/ 16 May 2007

Watchdog sniffs Telkom prices

In the wake of recent developments at the competition authorities, which have so far caused more disappointment than relief for small businesses, an intriguing possibility emerges that an age-old and basic practice by Telkom may well be anti-competitive.

Telkom charges business clients R132 a month for the rental of an ordinary business line. For exactly the same line, technologically speaking, it charges R99 for residential customers. The difference of R33 a month won’t be enough to make any business owner take the case to the Competition Commission, but if Telkom services, say, 500 000 business lines, is it possible that it may be skimming off as much as R16,5-million a month from the South African business community in contravention of the Competition Act?

Telkom’s business centre, where orders for new lines are placed, confirmed that a business registered as a Close Corporation will not be able to order a residential line. The operator was willing, however, to register a residential line as long as the business owner put it under his own name, as opposed to that of his business.

Two years ago, the Cape Chamber complained to the Competition Commission on behalf of business owner Marius Marais that Telkom was forcing business owners to buy their faster and more expensive business internet broadband package. Businesses were prohibited from renting the slower but cheaper residential ADSL offering.

While the investigation dragged on at the commission, Telkom scrapped the difference between their residential and business ADSL packages. At the time, it denied that it was in response to the investigation. It said it was done to simplify the company’s ADSL range.

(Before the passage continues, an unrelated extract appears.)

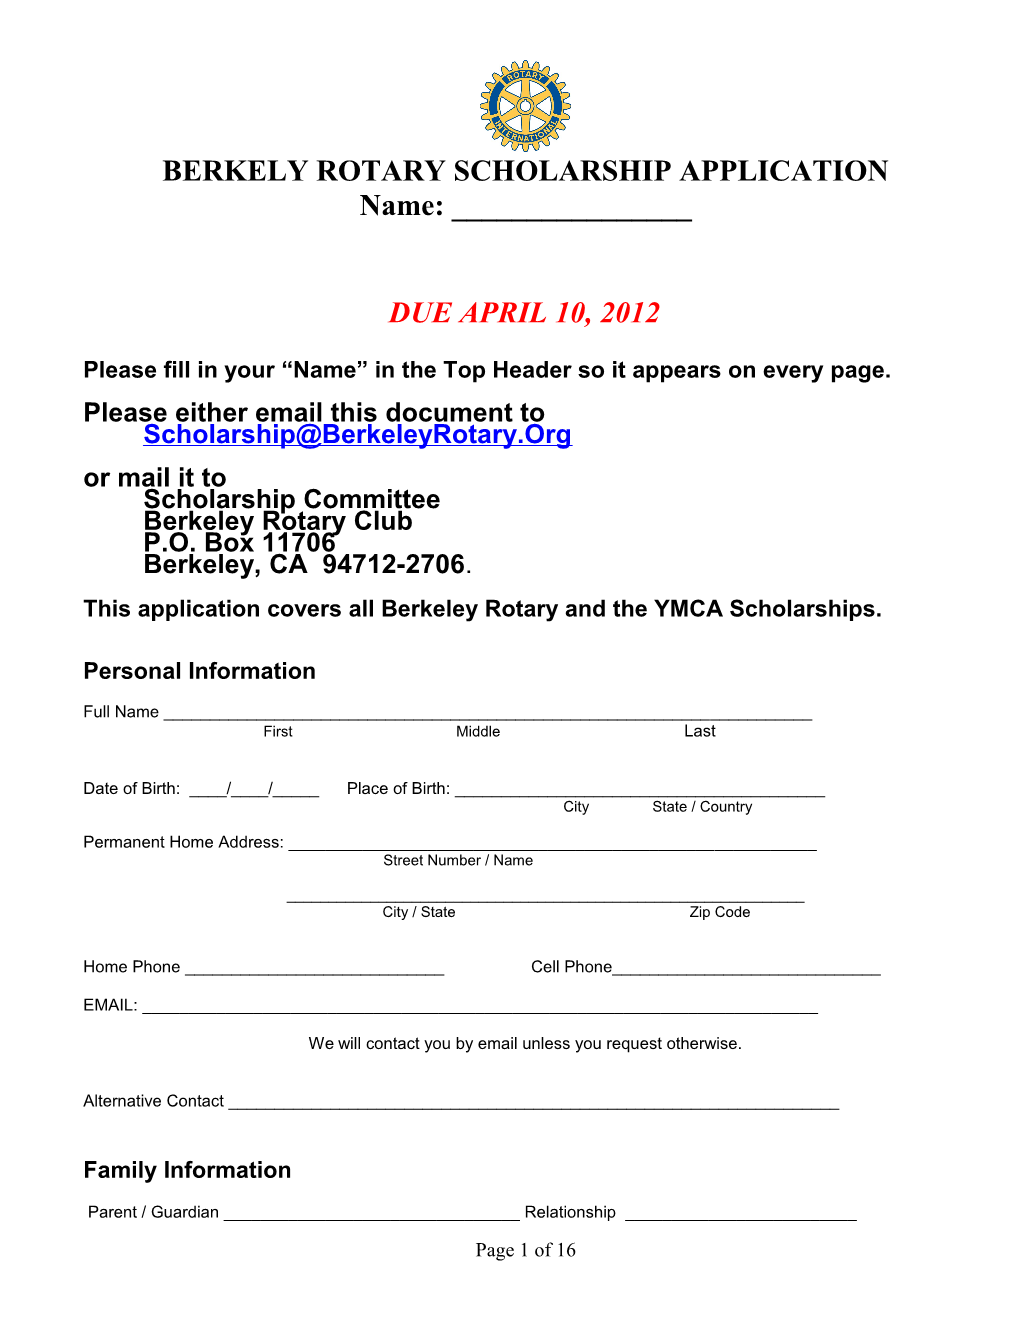 Berkely Rotary Scholarship Application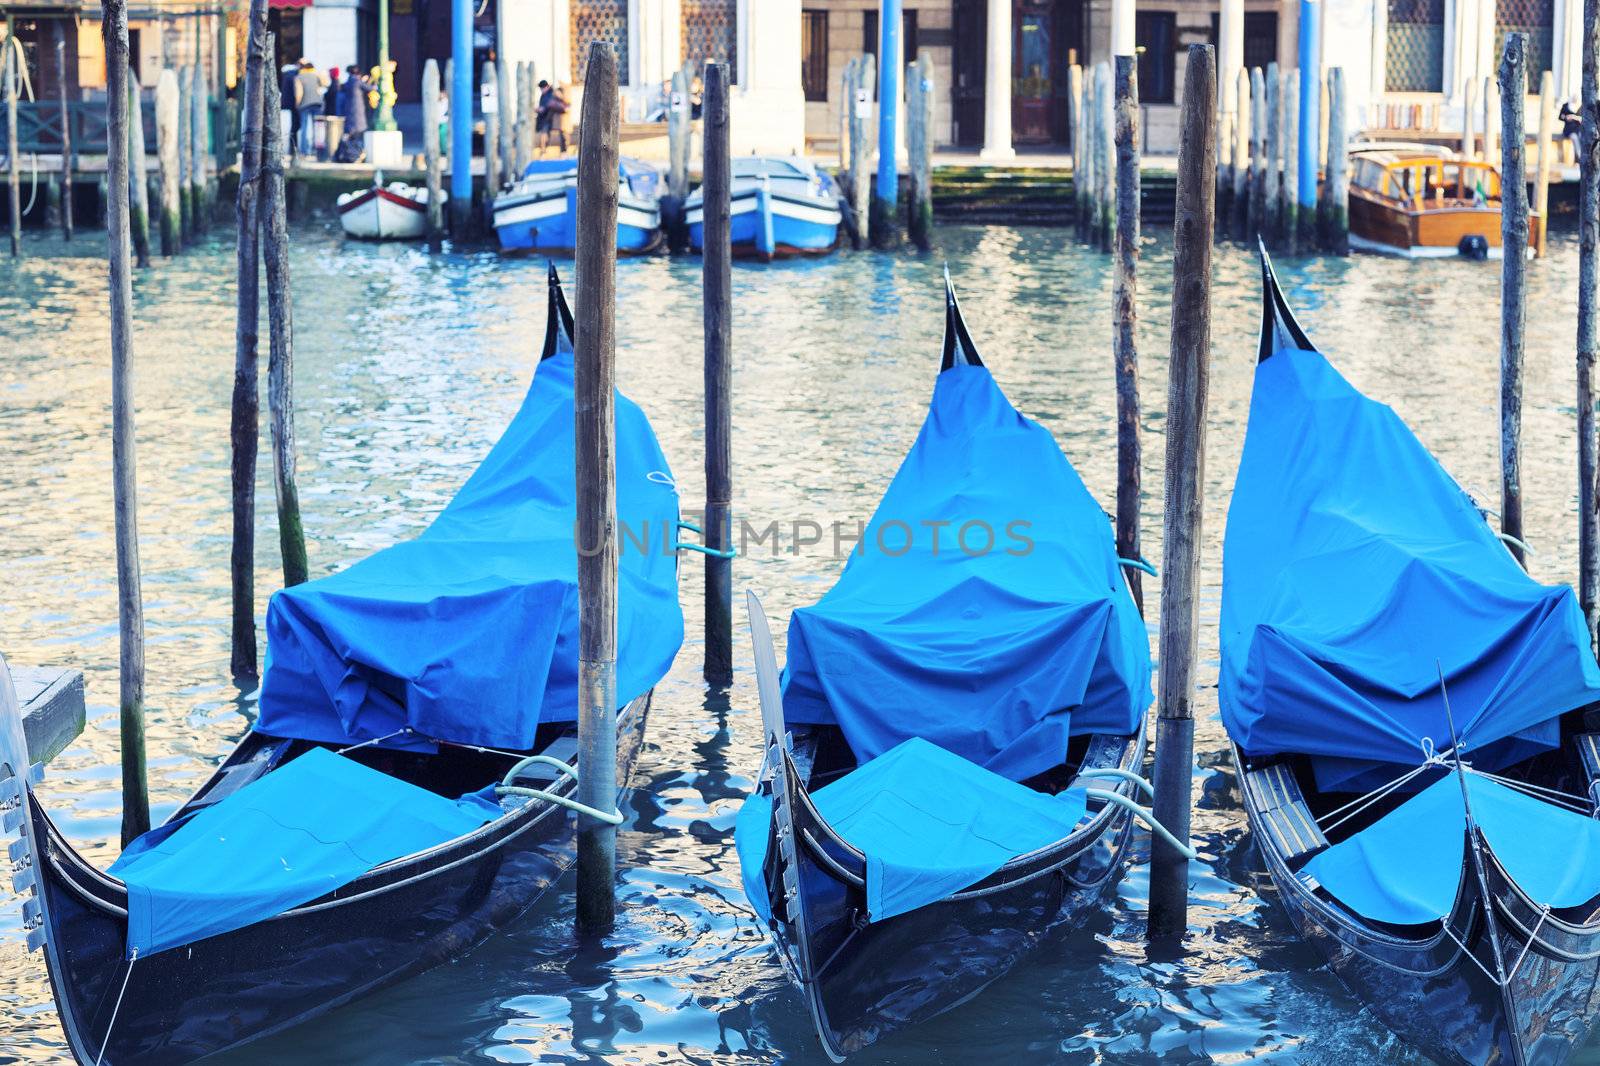 Three gondolas in Venice, Grand Canal, Italy.

Keith Weeks, senior economic analyst at the commission, believes that the pressure of the investigation had at least something to do with changes in Telkom’s product offering.

Commenting on the possibility that a similar case could be made that Telkom’s differentiation between residential and business telephone lines is anti-competitive, Weeks said he “wouldn’t say no”, but that a careful investigation would have to be made of the difference between the two offerings.

He was aware of the fact that Telkom argued that business customers enjoy priority when it comes to fixing faulty lines and that this was supposed to be the basis of the price difference. During the ADSL investigation they had asked Telkom to provide evidence of the priority, but it was never received.

Most lawyers approached for comment said that a successful case of price discrimination, where a dominant company charges different customers different prices for the same service, is very hard to make, because the law requires proof that the practice leads to a “substantial lessening of competition”.

A few years ago, owner-manager Jim Foot lost a lengthy legal process against chemical giant Sasol. Foot had proved, by obtaining official Sasol price lists, that he was paying substantially more for the creosote — the chemical used in treating tar poles — than his larger competitors. He eventually lost the case because he could not prove that the price discrimination practised by Sasol substantially lessened competition in his industry.

But one commentator said that in the recent Mittal Steel case, the Competition Tribunal found that Mittal’s ability to “stratify the market, segment the market and charge different segments of the market different prices”, signalled to the tribunal that excessive pricing was being practised. A similar argument could be made for Telkom’s segmentation of residential and business line rentals.

But competition lawyer Nkonzo Hlatshwayo of Webber Wentzel Bowens said not everyone is sure “whether the tribunal got it right”, and that the Competition Appeal Court may overturn the ruling.

Telkom spokesperson Khulani Qomaka said Telkom would not divulge the number of its business line customers, as this is commercially confidential information. Nor could it comment on any possible changes to its products and services, as the company was trading in a “closed period” just before the release of its financial results. It would respond in writing about accusations that it was profiteering, he said. At the time of filing, no response had been received.